══ Data ══
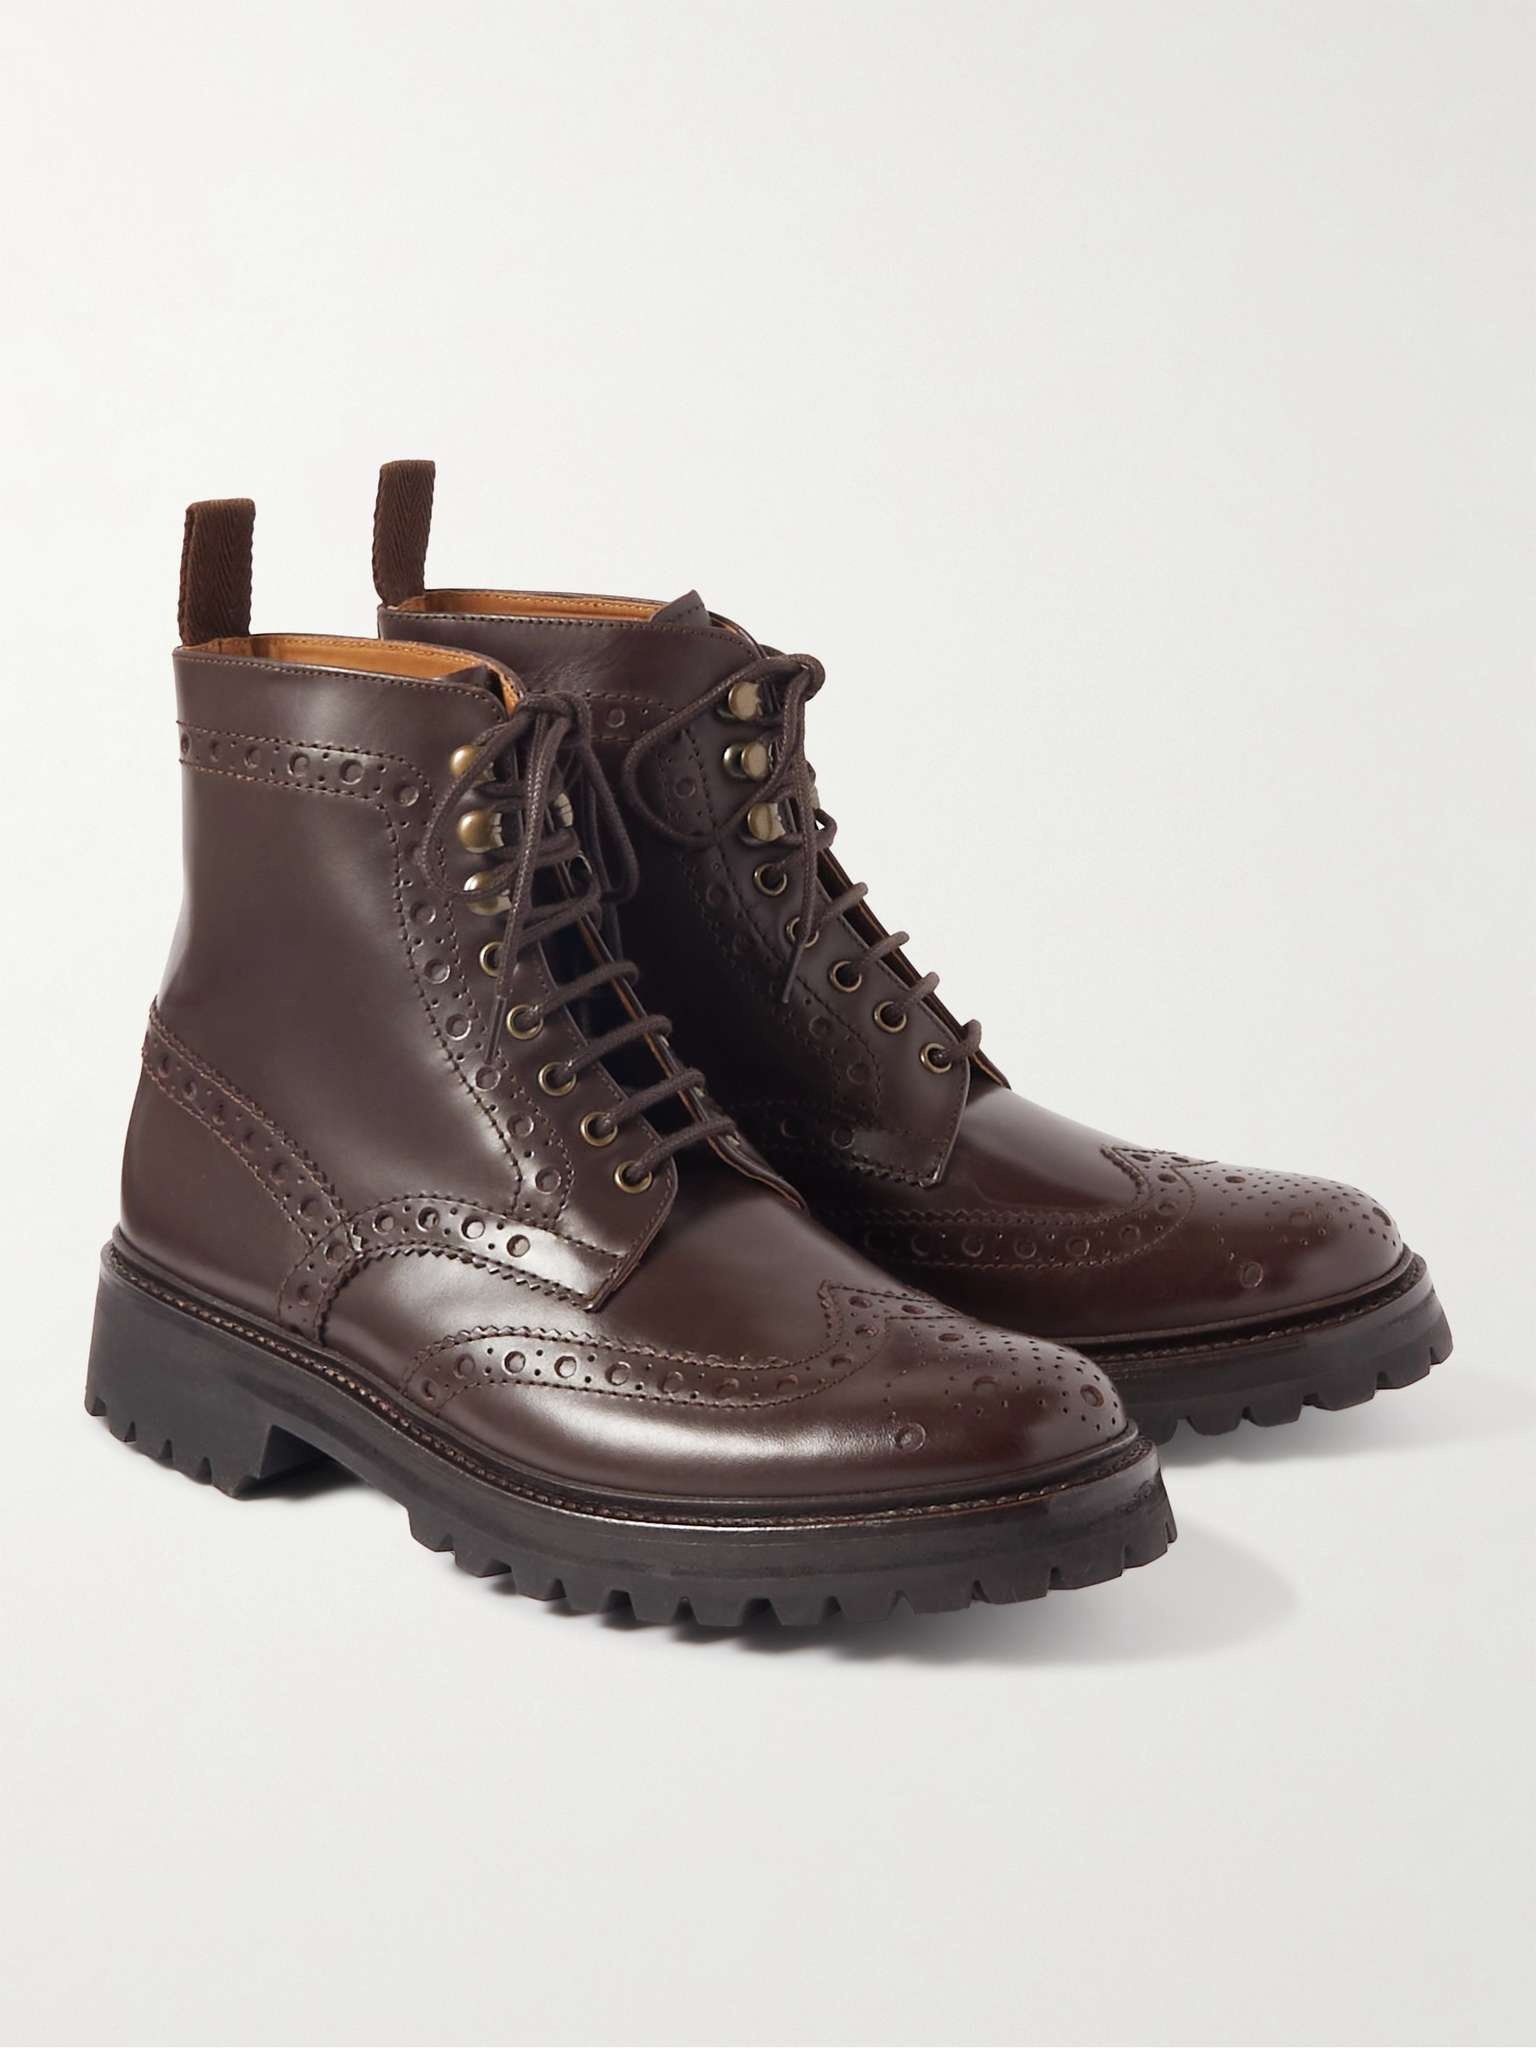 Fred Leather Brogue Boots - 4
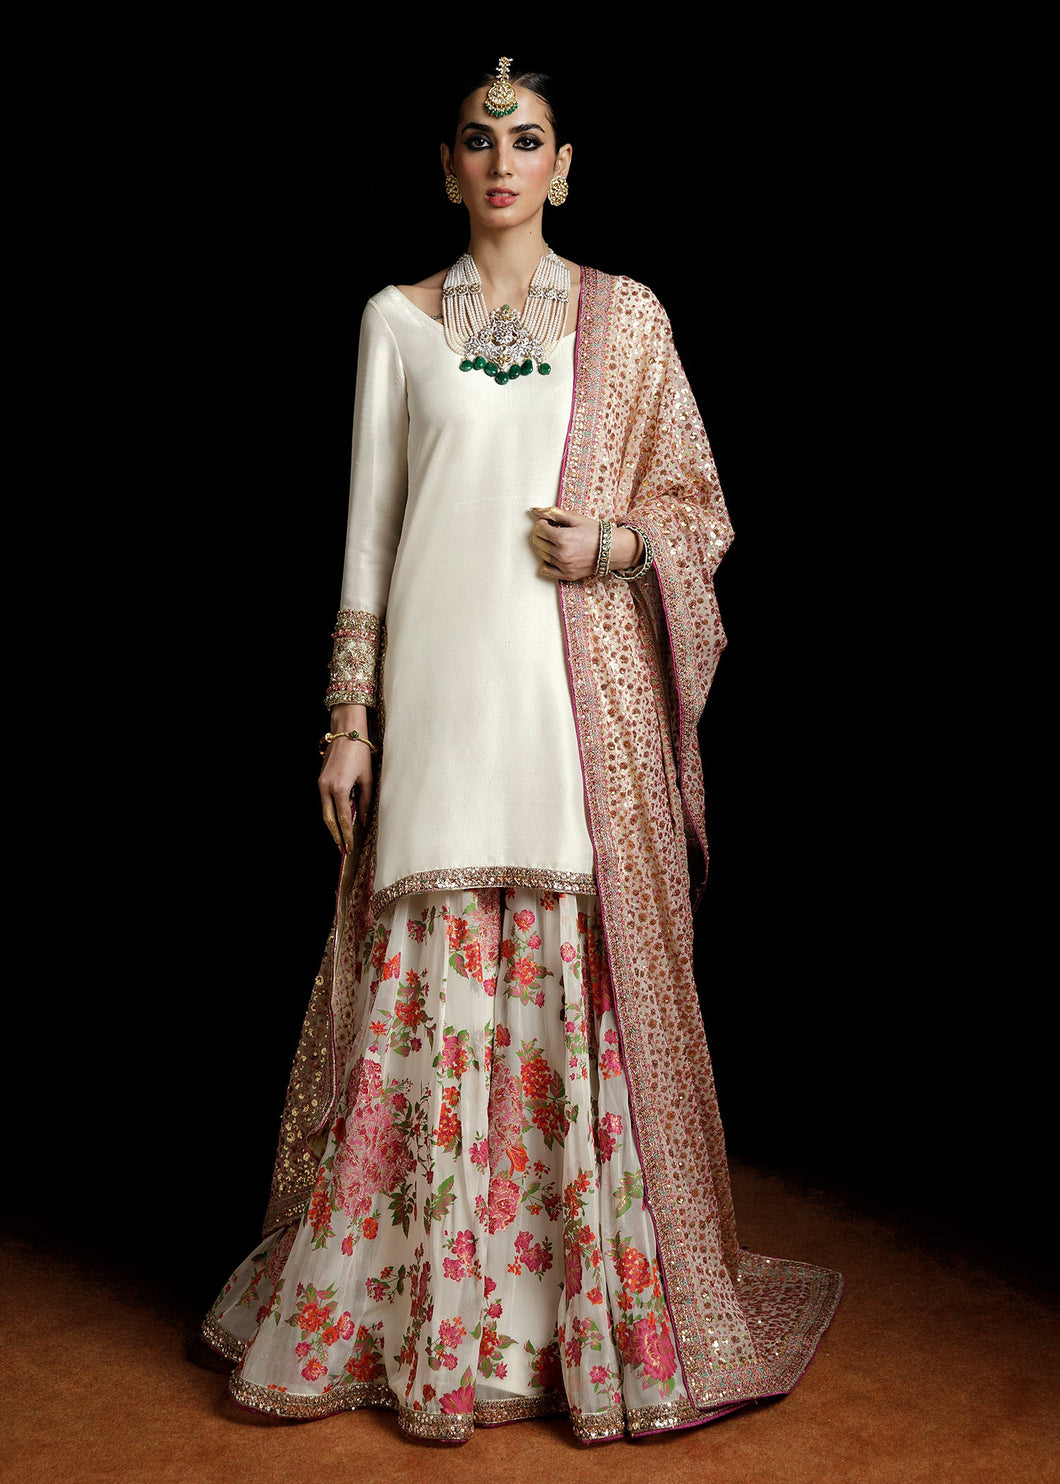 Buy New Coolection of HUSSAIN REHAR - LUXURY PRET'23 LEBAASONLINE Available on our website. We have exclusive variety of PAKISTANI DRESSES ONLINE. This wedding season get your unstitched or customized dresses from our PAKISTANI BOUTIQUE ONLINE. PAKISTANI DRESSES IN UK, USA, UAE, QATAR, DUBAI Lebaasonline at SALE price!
═══
══ Data ══
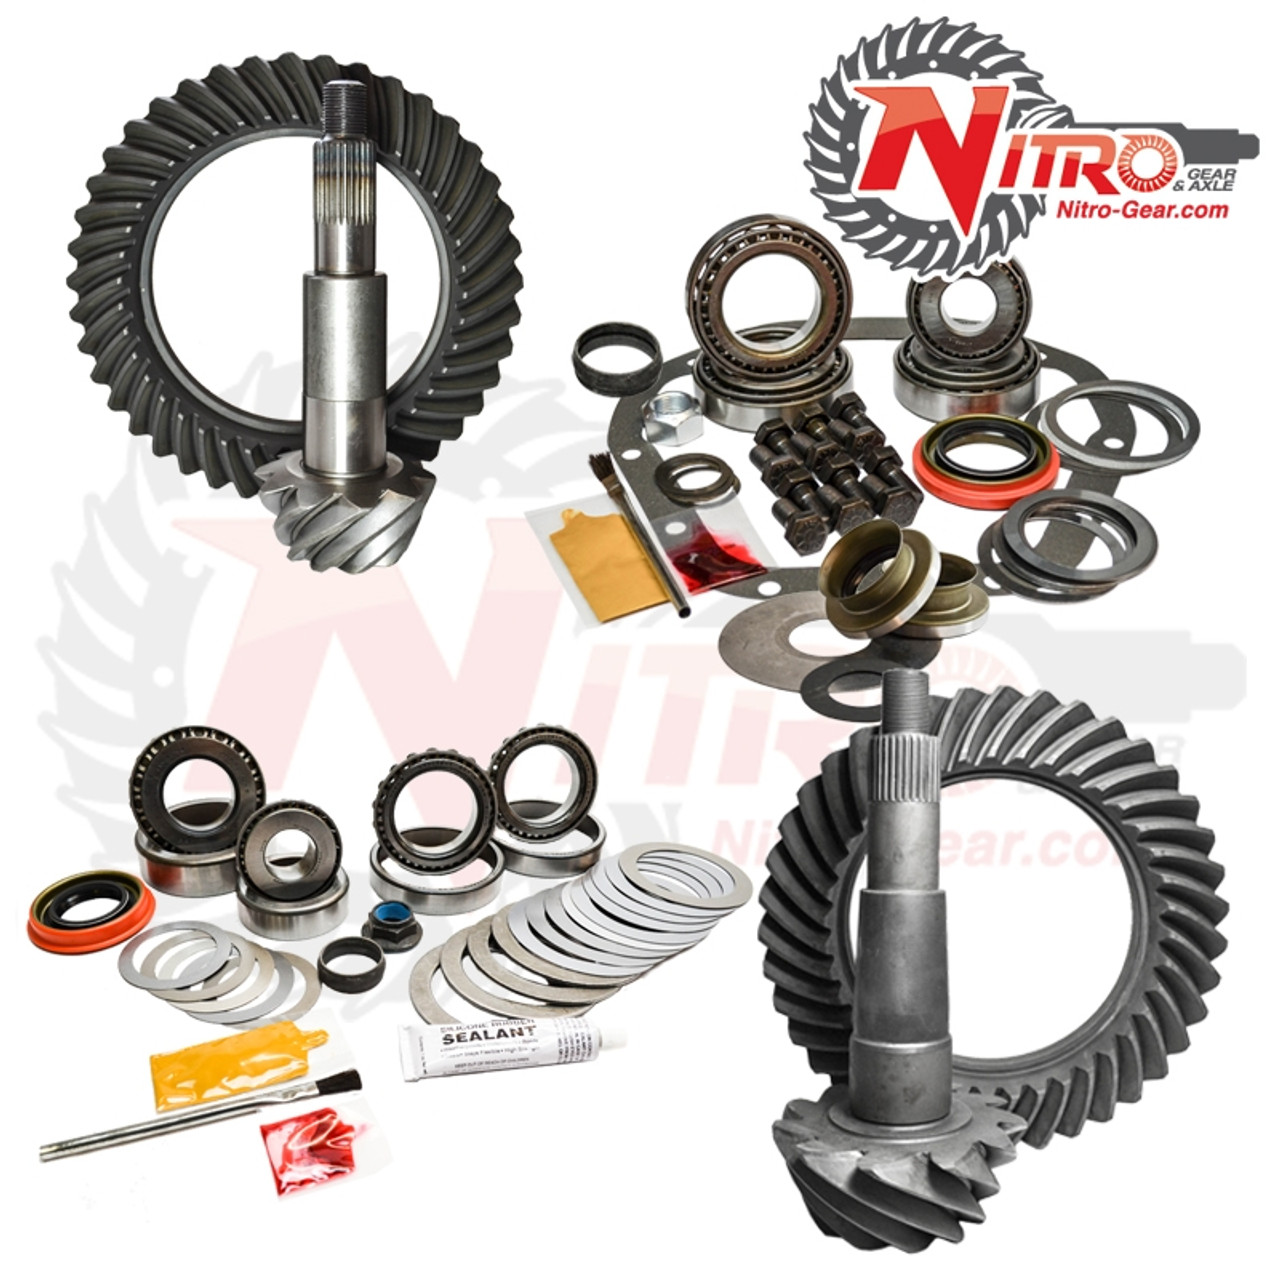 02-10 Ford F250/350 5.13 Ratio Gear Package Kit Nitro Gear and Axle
═══
**Work task:** Using the material above, reproduce only the lines that run from the line with "Fred Leather Brogue Boots - 4" up to and including the line with "Buy New Coolection", exactly, with the pictures dropped.

**Result of the exercise:**
 Fred Leather Brogue Boots - 4
 Buy New Coolection of HUSSAIN REHAR - LUXURY PRET'23 LEBAASONLINE Available on our website. We have exclusive variety of PAKISTANI DRESSES ONLINE. This wedding season get your unstitched or customized dresses from our PAKISTANI BOUTIQUE ONLINE. PAKISTANI DRESSES IN UK, USA, UAE, QATAR, DUBAI Lebaasonline at SALE price!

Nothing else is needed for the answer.